* _Exercise instructions_
Your answer should be the lines below from the one holding "7. Heidener Biogasfachtagung" through the one holding "Blue High Waist jeans - Women Jeans", copied exactly and with nothing else.

* _Provided entries_
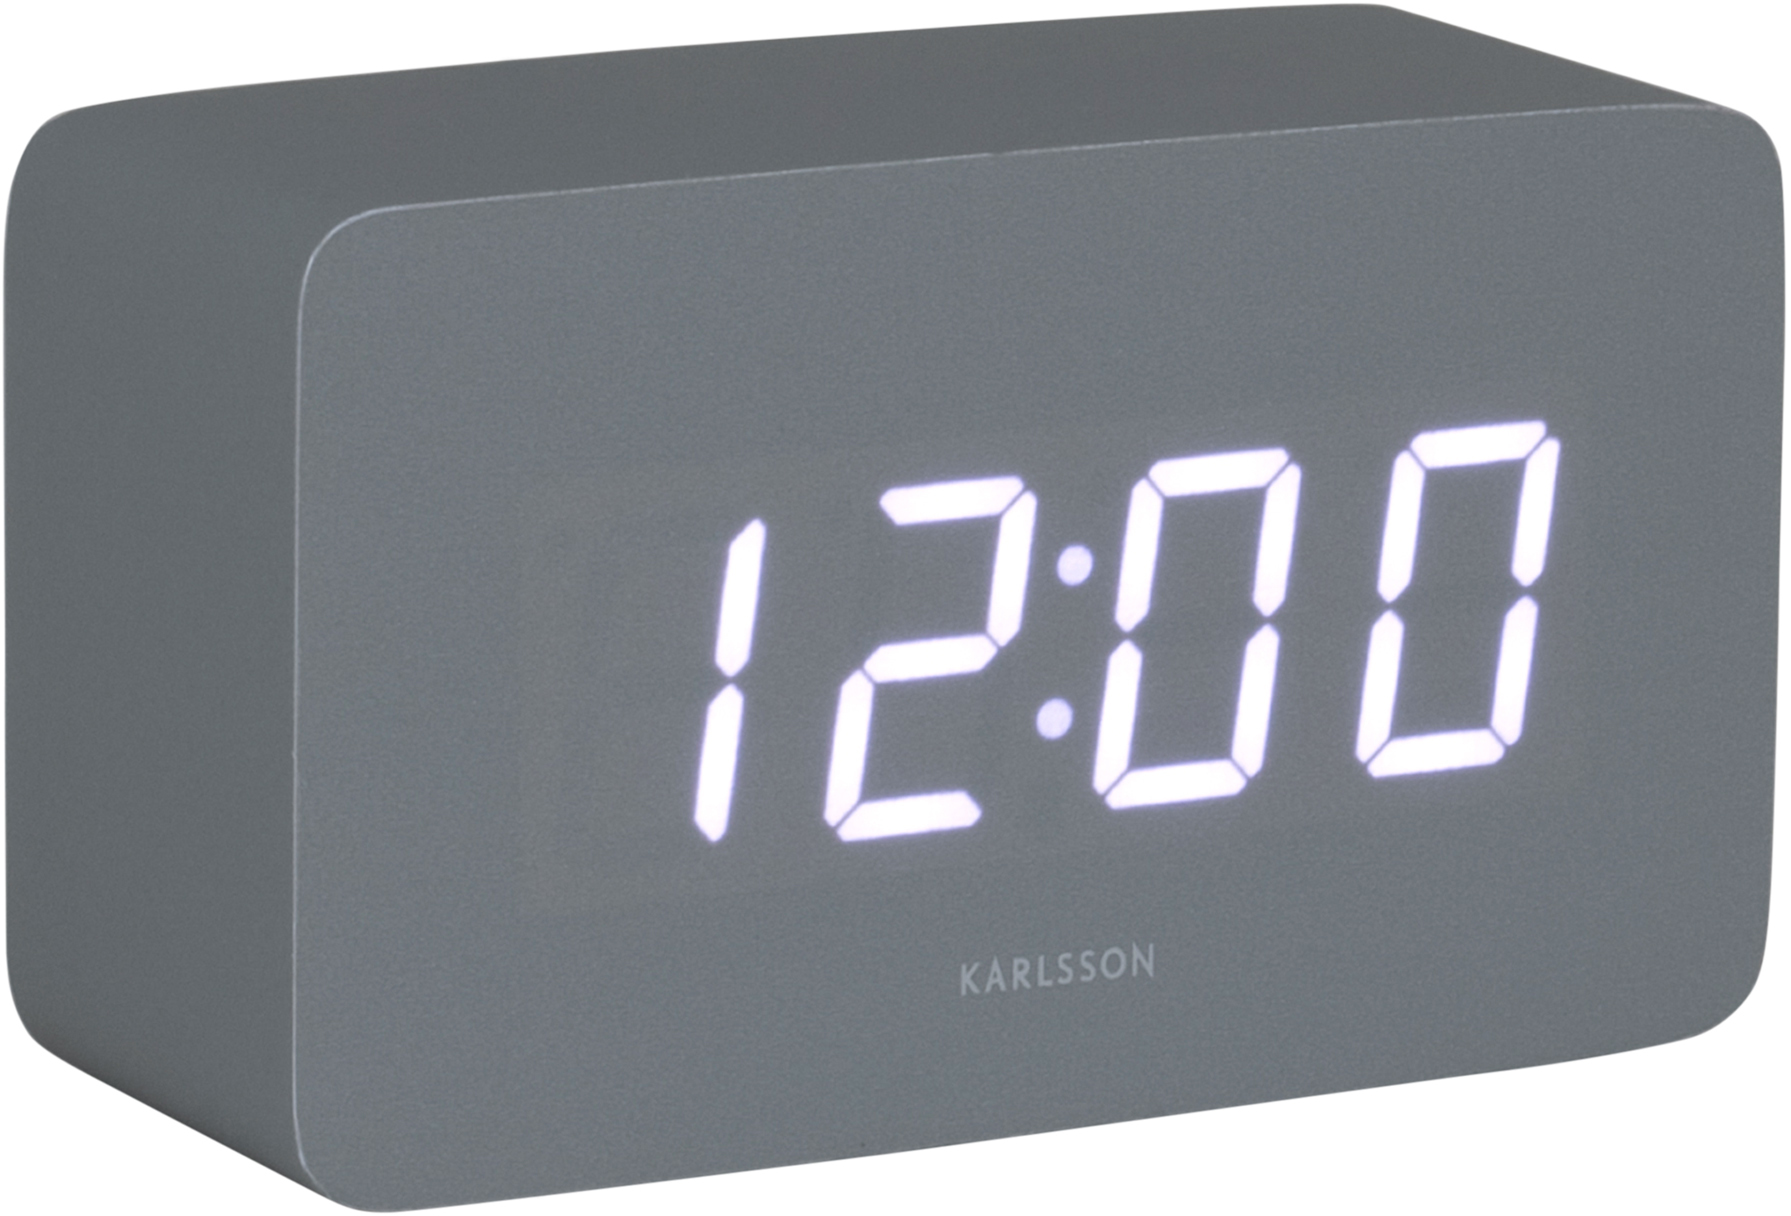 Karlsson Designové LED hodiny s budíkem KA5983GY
...
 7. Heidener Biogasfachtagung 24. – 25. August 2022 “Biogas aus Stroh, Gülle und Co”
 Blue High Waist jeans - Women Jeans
--
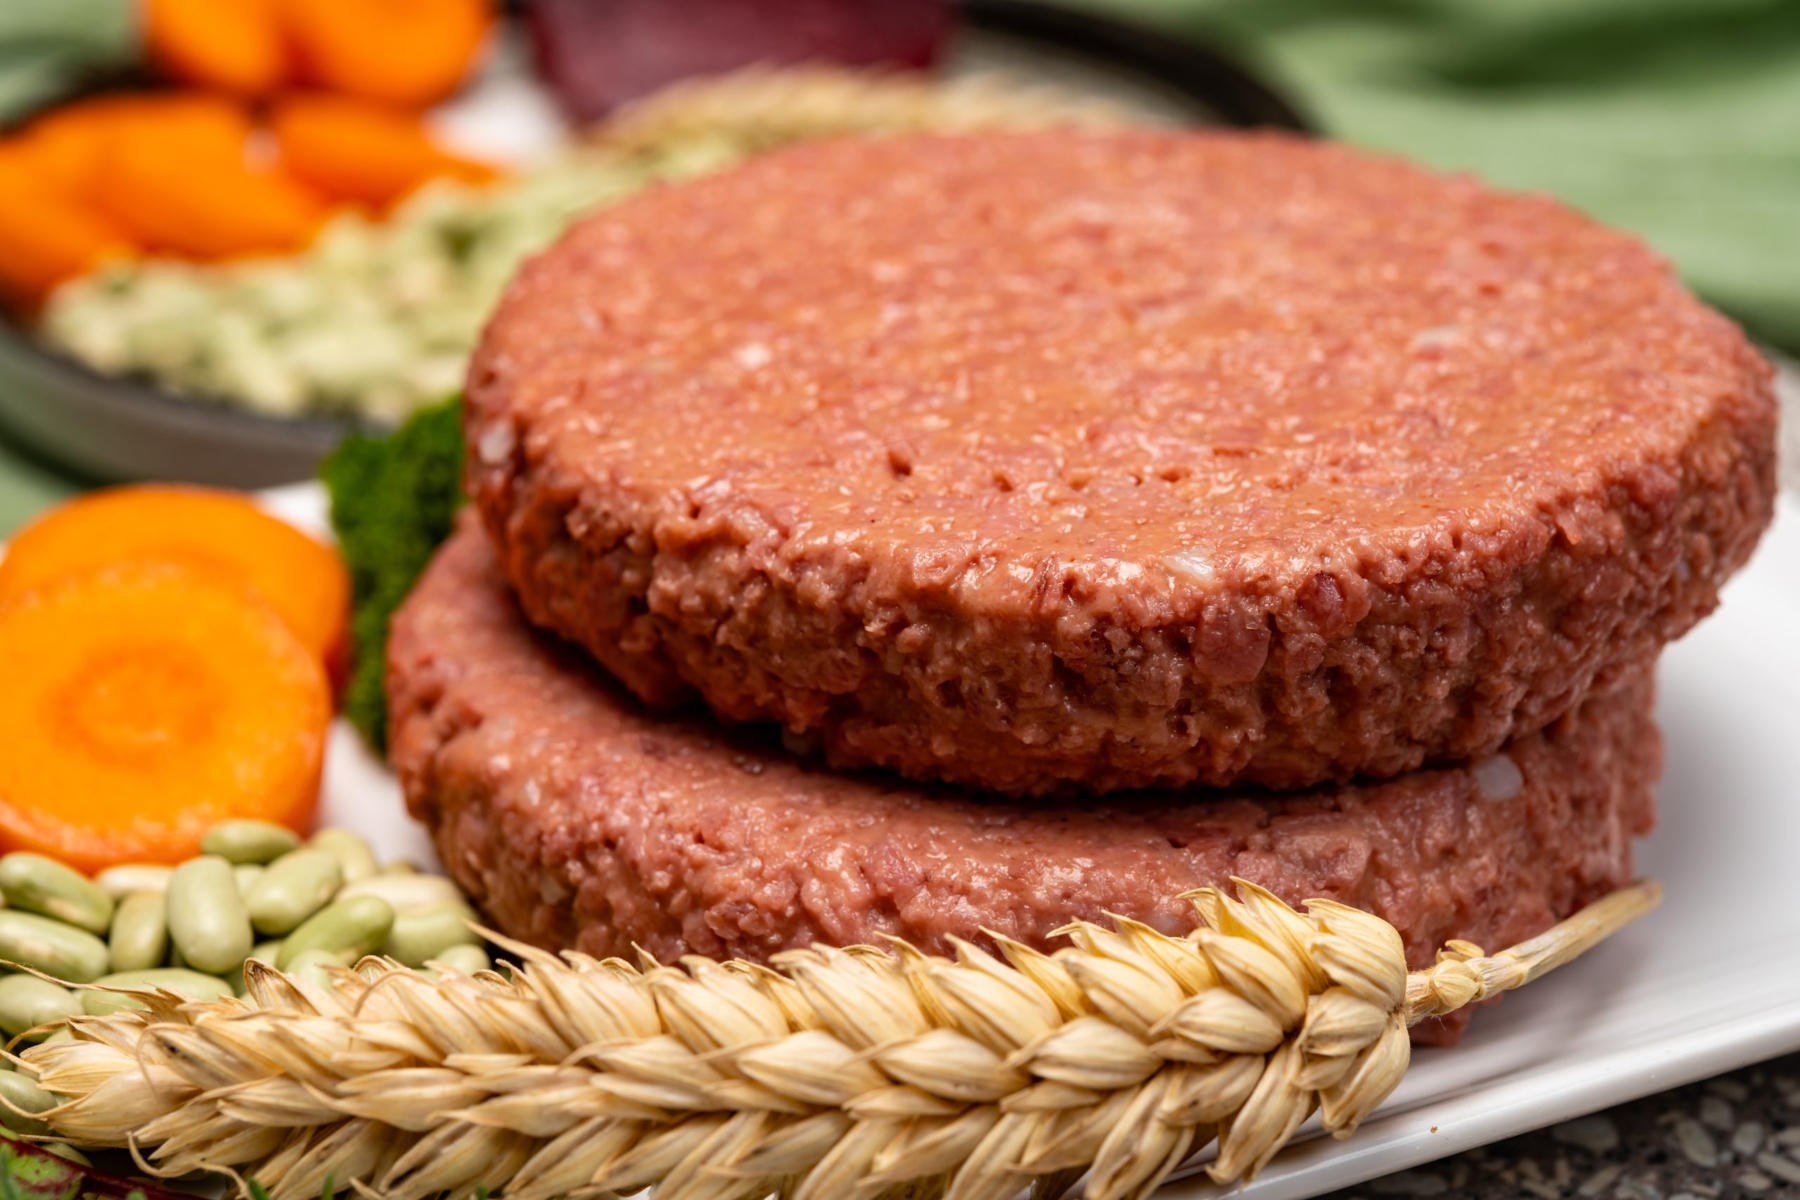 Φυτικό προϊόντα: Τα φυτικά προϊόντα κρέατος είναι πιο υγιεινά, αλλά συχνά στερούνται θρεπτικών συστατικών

* _Completed task_
 7. Heidener Biogasfachtagung 24. – 25. August 2022 “Biogas aus Stroh, Gülle und Co”
 Blue High Waist jeans - Women Jeans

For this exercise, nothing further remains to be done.